I’d love to be able to use this kind of thing for something and recommend it to students, but I really need to understand how it’s going to be of benefit and what kind of information it’s going to provide that isn’t already available for free on google.com Maybe someone can point me in the right direction??

smithsgj · February 13, 2007, 4:05am

Sorry about the way the answers were made public. That issue is now resolved: please now go ahead and take the pre-test, by going to http://mcu.edu.tw/~ssmith/walkthrough. Your answers will NOT now be available anywhere on the web!

Ironlady, check http://www.sinica.edu.tw/ftms-bin/kiwi1/mkiwi.sh

http://bowland-files.lancs.ac.uk/corplang/lcmc/

I’ll get back on your other points: but please bear in mind that Sketch Engine is a corpus query tool, not a corpus! It can be applied to any suitable marked up corpus, but works best with a truly huge corpus like Chinese Gigaword.

The grammar rules for SkE were indeed written for English, this is true.

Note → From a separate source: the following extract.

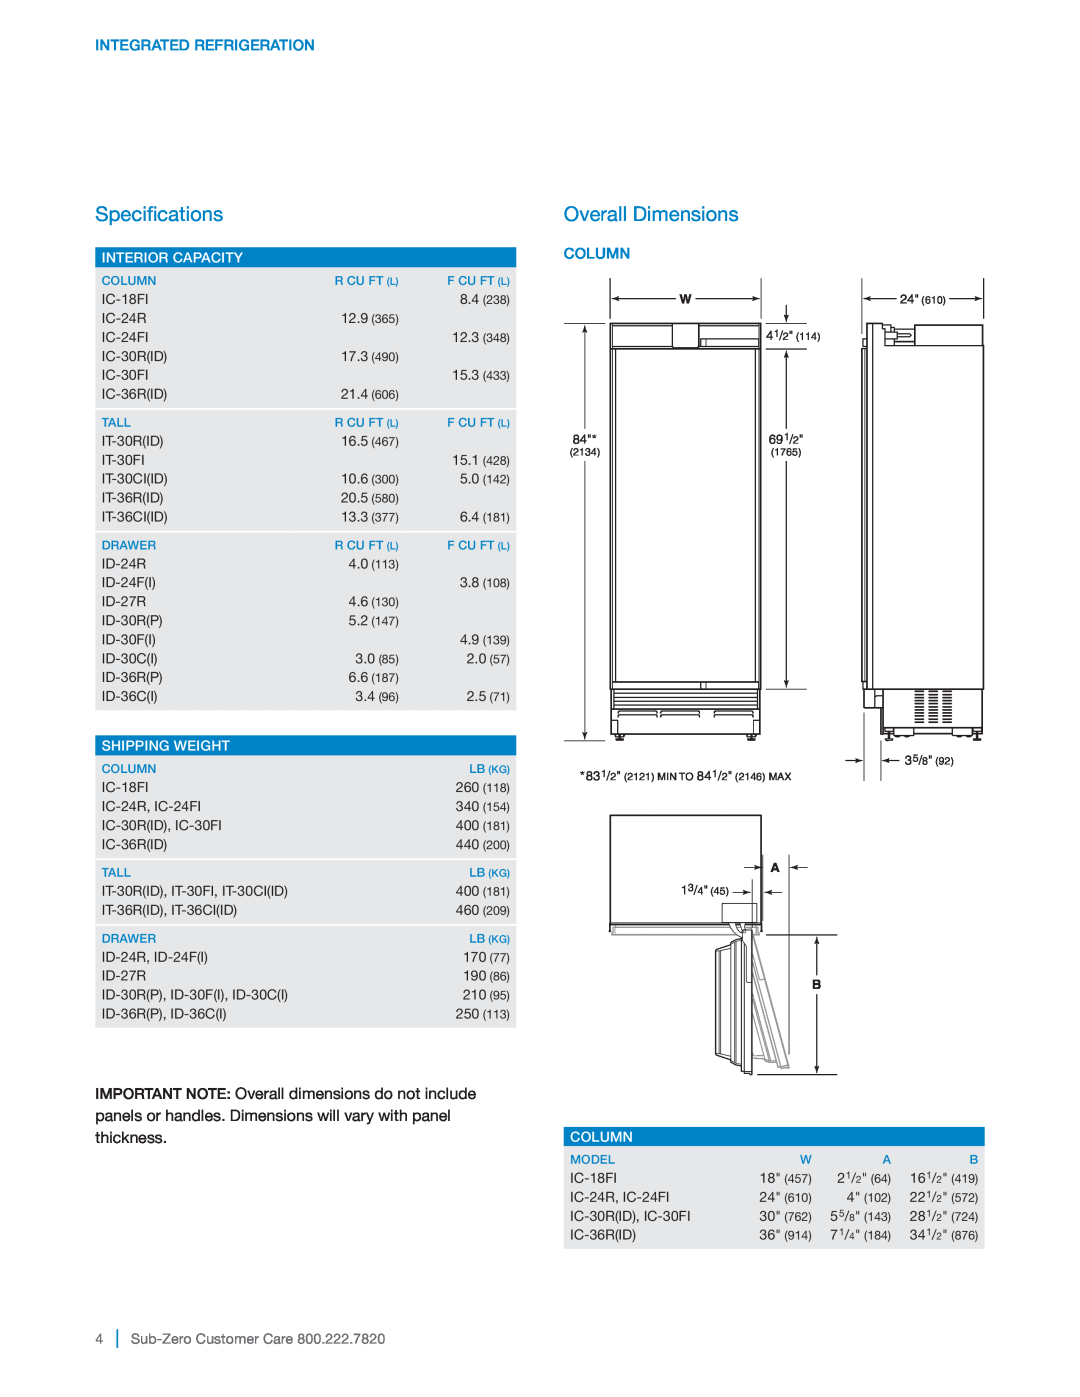 Sub-Zero IC-18F Specifications, Overall Dimensions, Integrated Refrigeration, Interior Capacity, Shipping Weight, Column

However

a) they are being developed to take account of (EG) 把 / 將 construction (the error you spotted was to do with verb subject/object wasn’t it?)

b) SkE uses grammatical patterns to find collocates. It is not intended to be a grammar teaching tool at all! I can see how people could be misled into thnking it is, and I’ll think about that issue more. Thank you for raising it.

I’ll get back on other points fairly soon.

smithsgj · April 9, 2007, 12:51am

For those who were kind enough to complete the online pre-test a few weeks back:

If you didn’t get our email, would you mind going to

http://myweb.scu.edu.tw/~mralice/SimplifiedlPostTest.htm

or

http://myweb.scu.edu.tw/~mralice/TraditionalPostTest.htm

to do the second part of the questionnaire?

Thanks very much!

ironlady · April 9, 2007, 12:42pm

I hate to always sound like the devil’s advocate, but what is a post-test without any control of the treatment in the intervening period going to show? Some have used the product extensively; others haven’t touched it. I don’t see detailed questions at the beginning to really separate degrees of use (and how do you do that anyway, given different Mandarin levels, and so on) so unless each individual user is being taken as a group for statistical purposes – which makes statistics meaningless --…???